Kart says that while some plants may be attractive to birds for their fruit, gardeners should chose those plants whose fruit is high in nutritional value, helping migratory species be more prepared for treks to Central and South America in the fall.  Recommended plants include native nannyberry, buttonbush, common winterberry, and silky dogwood – all beautiful and hardy shrubs.

“Fruit from these native plants is like health food to birds, providing them with a lot of nutrition,” said Kart.  “When you plant native alternatives, you give birds, bees and butterflies the food and habitat they need to survive.”

Other one-time garden standbys, such as Japanese barberry and honeysuckle, are much less desirable nutritionally and can easily get out of hand.

Invasive plant species are frequently introduced into a new area by well-intentioned gardeners and landscapers, according to state botanist Bob Popp.  These invasive plants can cause a variety of problems, such as crowding out native plants that provide food for wildlife or increasing erosion along stream banks.

Vermont Invasives, a joint effort by several Vermont nonprofit and government organizations, keeps a list of native plants that landscapers can use as an easy alternative to nonnative plants on their website at www.vtinvasives.org. The New England Wild Flower Society also maintains information on recommended native plants at www.newenglandwild.org. You can report invasive plant locations on iNaturalist Vermont, a project of the Vermont Atlas of Life, to help track their spread.

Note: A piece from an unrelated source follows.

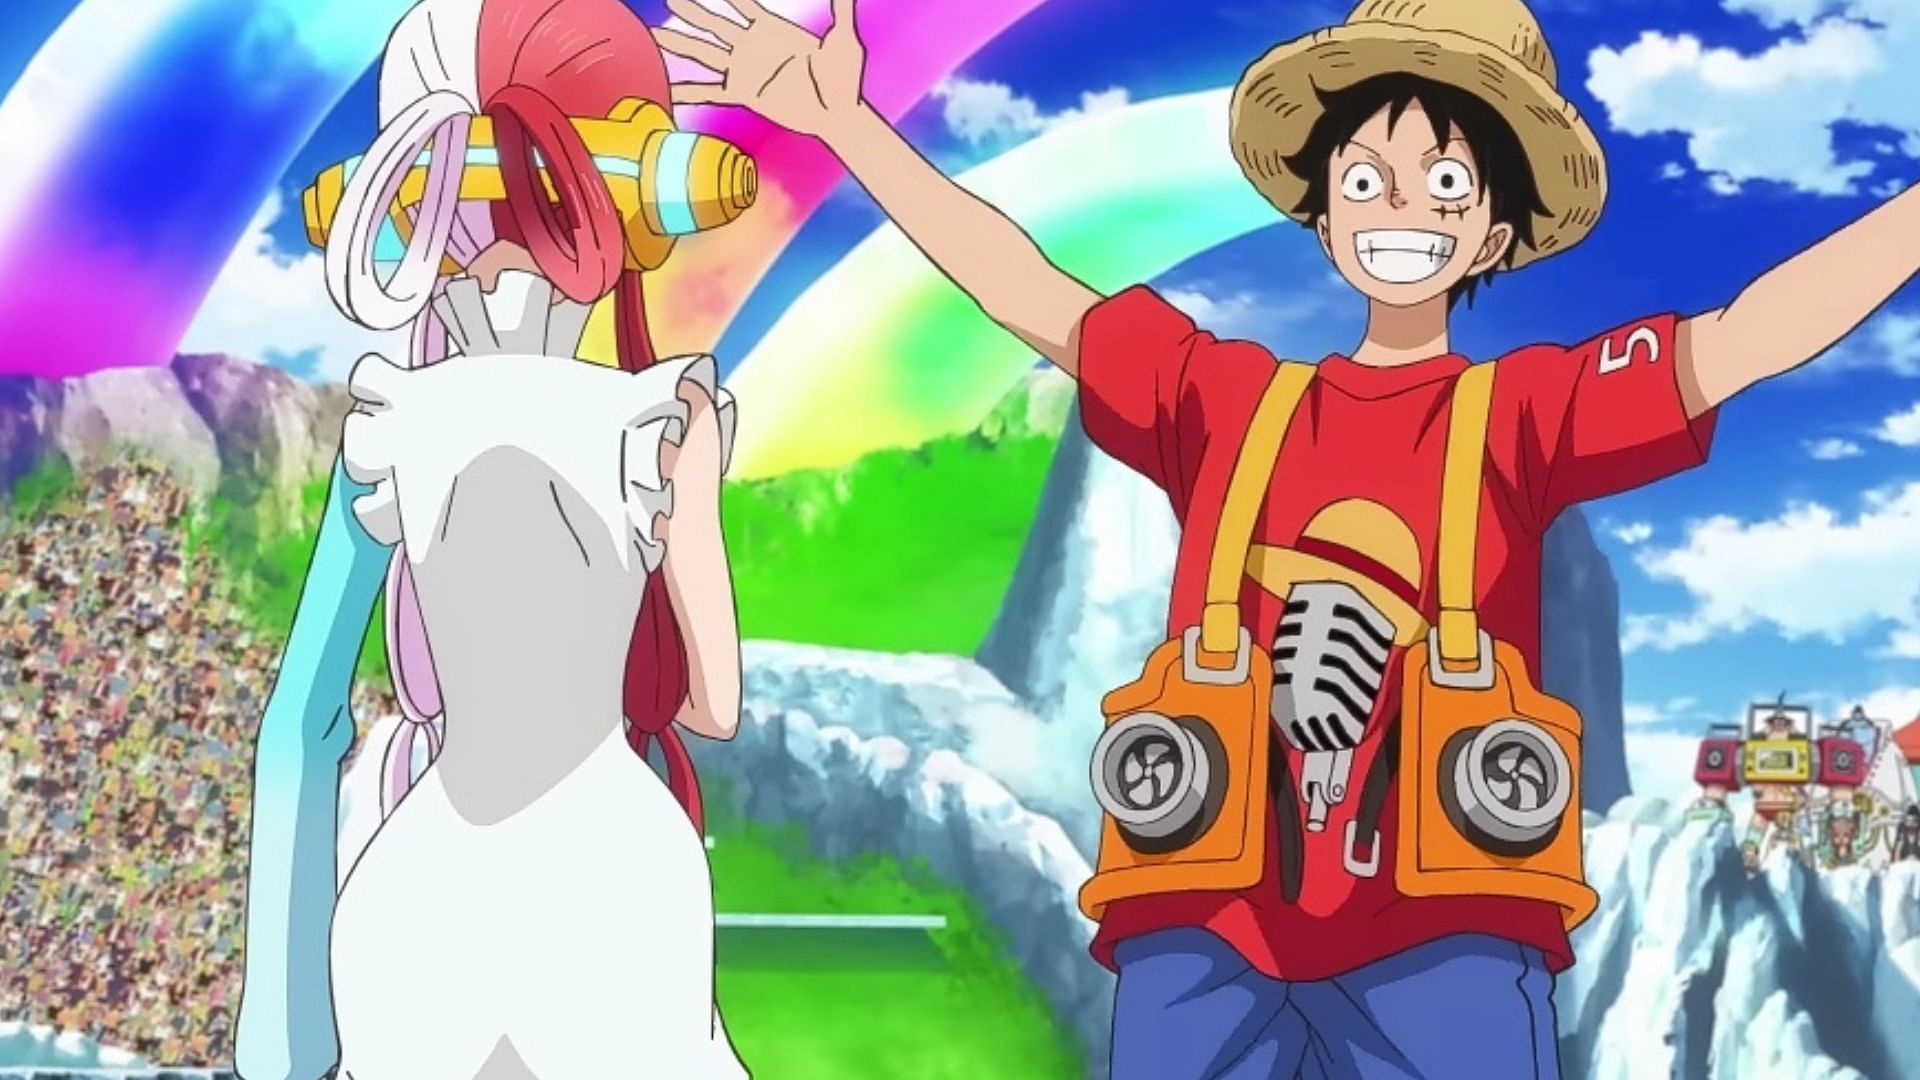 Luffy and Uta as seen in the film (Image via Toei Animation)

For colorful fall foliage, Popp recommends that people plant sugar maple or red maple in place of Norway maple.  He says that highbush blueberries also produce fall foliage along with tasty fruit.  For privacy, Popp suggests people plant northern white cedar, white spruce or balsam fir as an alternative to blue spruce.

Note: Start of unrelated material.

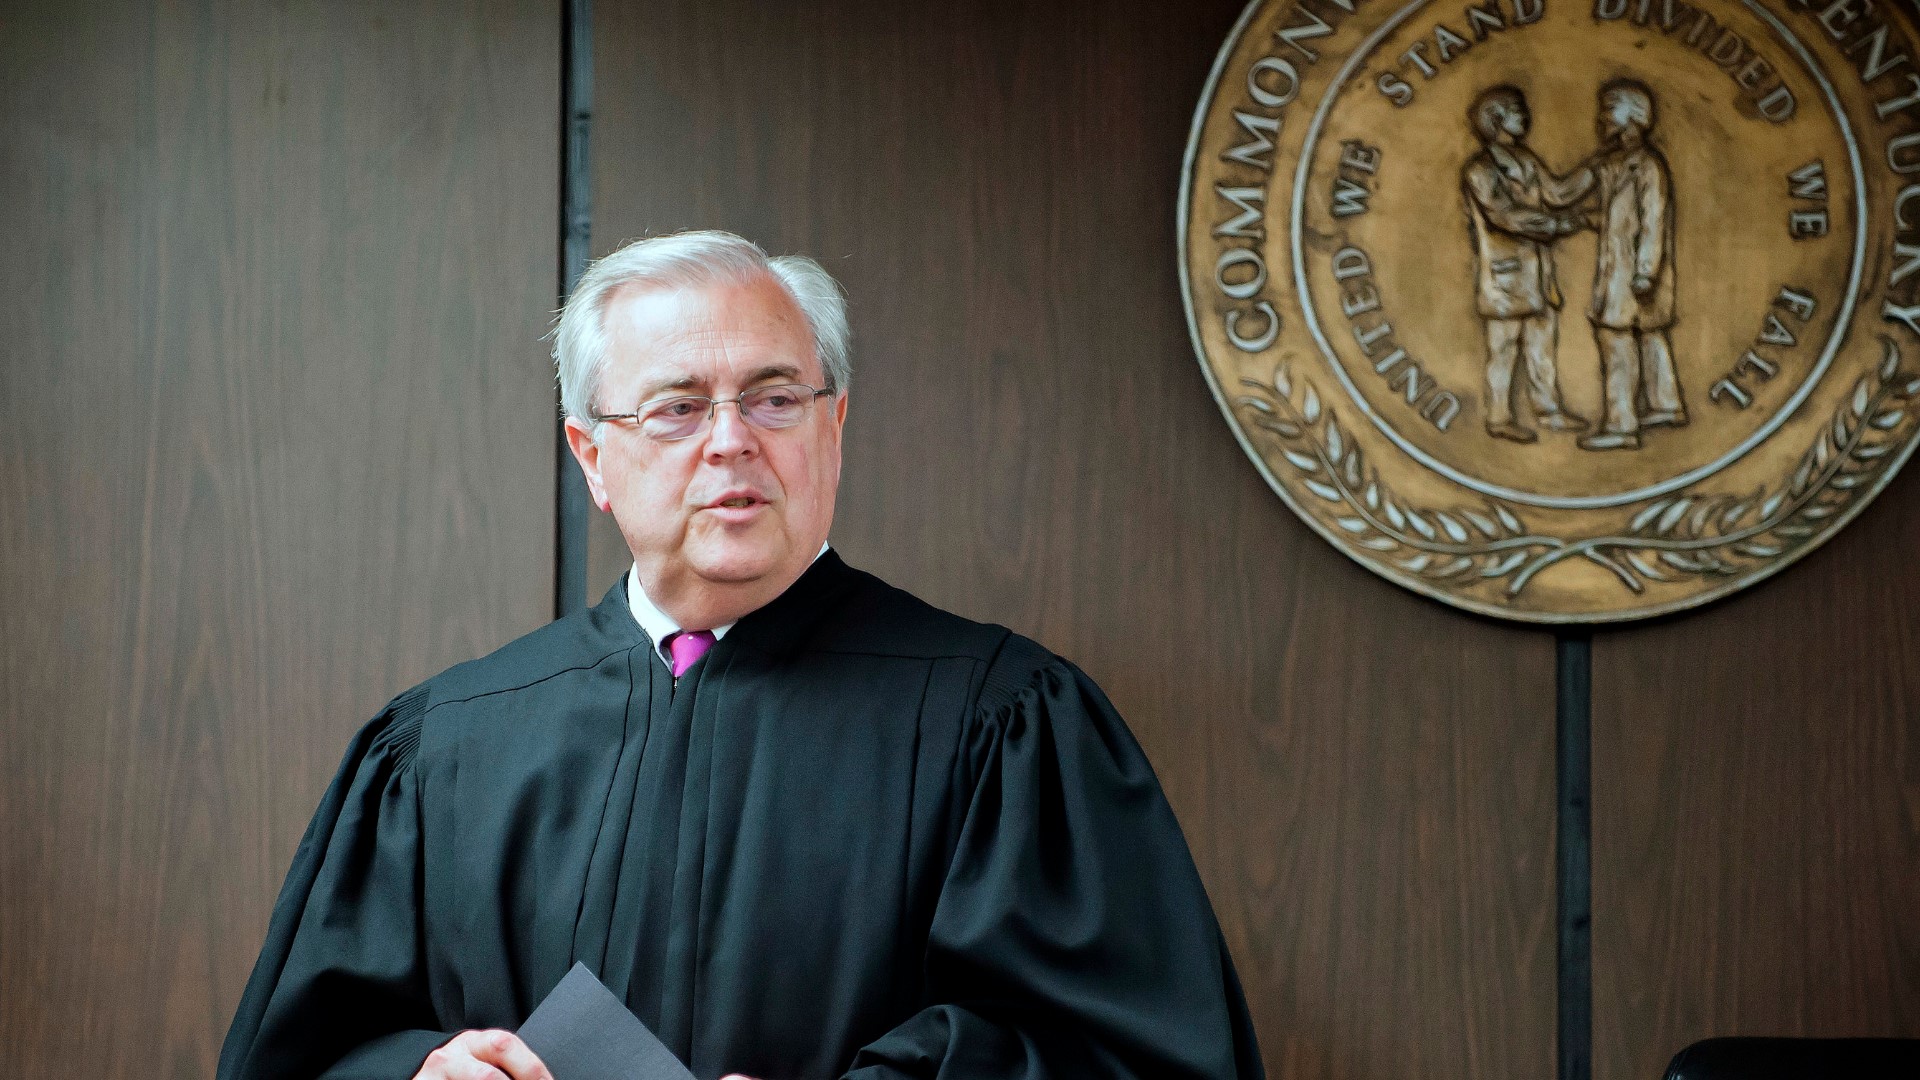 Chief Justice John D. Minton joined the Supreme Court in 2006.

For low-lying wet areas or streambanks, dogwoods, alders, and native willows work best, but Popp advises people against nonnative trees such as white willow, the shrubby basket willow, or European black alder.

For gardeners looking for color, Popp suggests people look for wildflower mixes with a variety of native species such as wild bergamot and rudbeckia (also known as black-eyed Susans) which can help promote local pollinator insects.

“By choosing these plants, you’ll not only do something good for the environment, you’ll have the added enjoyment of attracting butterflies and songbirds into your yard,” said Popp.